Once upon a time, I had a friend who was free-lancing on a video project at Viacom. I was bitching (there’s no other word) at her that Simon & Schuster, a division of Viacom, owed my clients money and I was still waiting for a check. She looked at me and said, “I can get a check hand-cut any day.” Same company, just a different division. Trying to get a hand-cut check out of a publisher is like trying to get a cub away from momma bear without a stun gun.

Publishers have said for years that they are “in business.” That they can’t publish that next book by an author because the first one didn’t hit its numbers. Or that they had to lay off all that staff because it’s a business, after all, and lay-offs happen. You pick the topic. As long as it relates to money, they will come up with some form of, “Well, we have to keep the business issues in focus.”

Well, here’s a business issue to keep in focus: When you draft a contract that says the payment is due “on signature,” the check or wire should be sent to arrive the same day as the signed contract. And if you draft that contract and sign after the author has signed, there is no excuse not to immediately execute that contract upon return of it from the author and to issue the payment. That’s business.

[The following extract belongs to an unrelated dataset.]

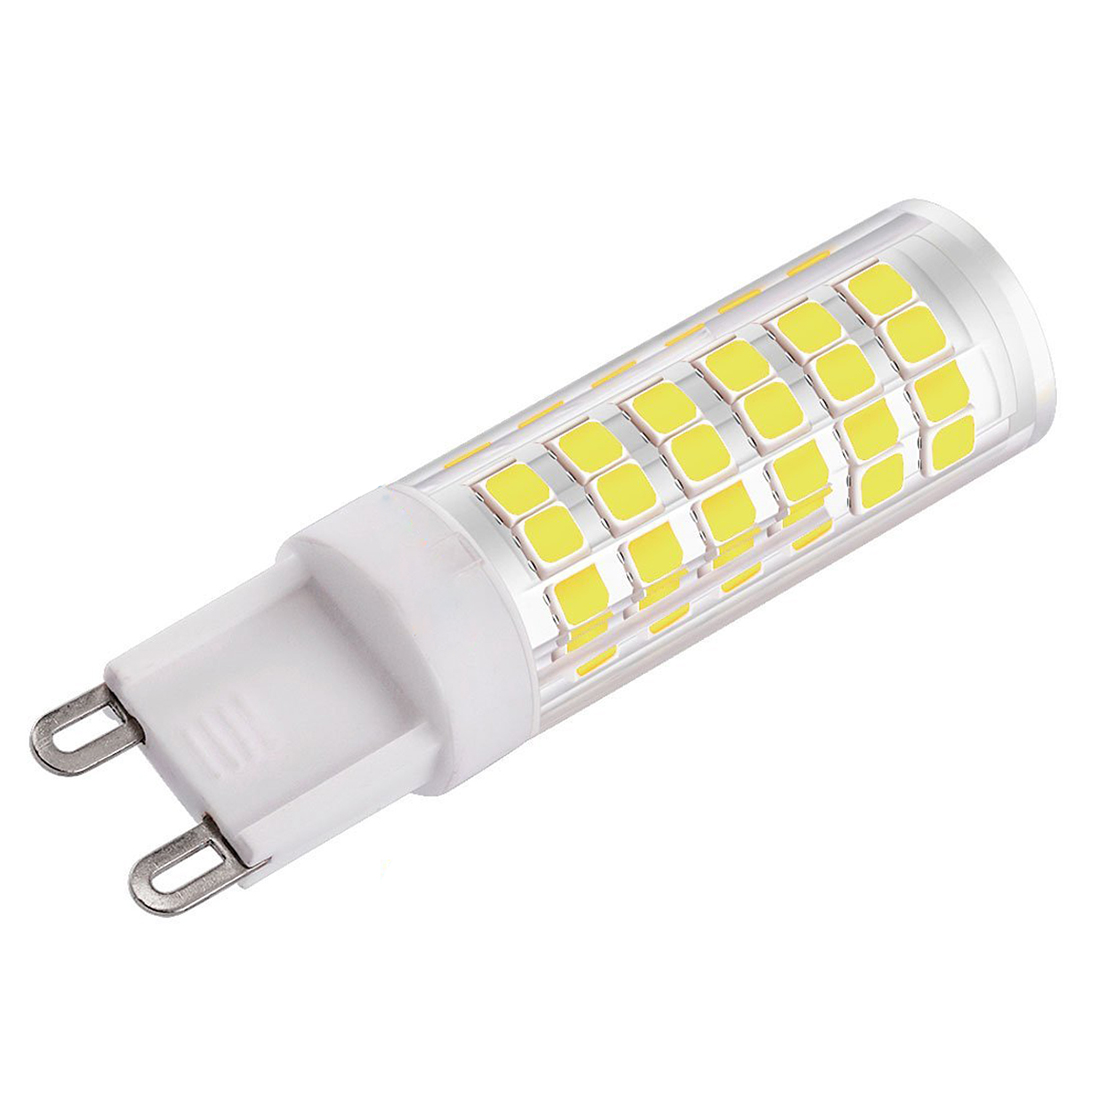 Us 7 01 13 Off 5 Pcs G9 Led Bulb 7w 550lm 60 Watt Halogen Bulbs Equivalent 6000k 360 Degree Beam Angle Energy Class A Daylight White In Led

Can you imagine what my escrow company would have done if I’d said it would take me sixty days from closing to pay the down-payment?

From an agent’s perspective, it seems that editors and publishers—our publishing colleagues; people we often consider friends—don’t seem to understand that their foot-dragging on payments is the equivalent of their company telling them that their paycheck will be delayed a week, or thirty days, or sixty days(!). I’d like to see the reaction when an editor making six figures a year, with a two or three thousand dollar mortgage payment (or rent!) is told that his paycheck will be delayed for thirty days.

I see authors’ groups get up in arms about a lot of things. Be it reading fees, or contract terms such as the royalty rates on eBook editions. And those are important things to consider. But if the Authors’ Guild, RWA, SFWA, HWA, and MWA really wanted to make a stink about something, it should be the length of time publishers take to draft contracts, negotiate contracts, sign fully negotiated contracts, and pay the on-signing advance. Because their members are losing thousands of dollars—if not millions—every year because of these delays.

"Playing the float" is common enough in business, but when it comes to publishing contracts, there's no excuse. it's simply arrogance. Publishers know that no author is going to sue them because they didn't pay the on-signing advance when the signed contract was delivered. Plus, as many a contracts person will tell you, no court is going to call it a breech of contract if the payment is less than thirty days late. And a publisher can always get off the hook by actually making the payment due.

Maybe what we need in this business is a good-faith deposit and escrow service. Ebay has it. Elance has it. It's a simple concept. We create a standard "offer" document for use in the business, or each publisher can create one of their own, I really don't care. With every offer, the publisher has to send along that form and a check for 10% down. If the deal falls through because of the publisher, then the author keeps the deposit. If the author won't go forward, the publisher gets back the money. Once that form is agreed-upon and the deposit made, the parties negotiate the contract. The day that contracts are being sent for signature to the author, the publisher must deposit the signing advance, less the deposit, in an escrow account. When the author signs and returns the contract, the escrow company releases the funds. Simple as that. No more chasing advances. No more waiting for the Business Affairs VP to get back from vacation to sign off on the check request. It's simple, clean, and it's good business.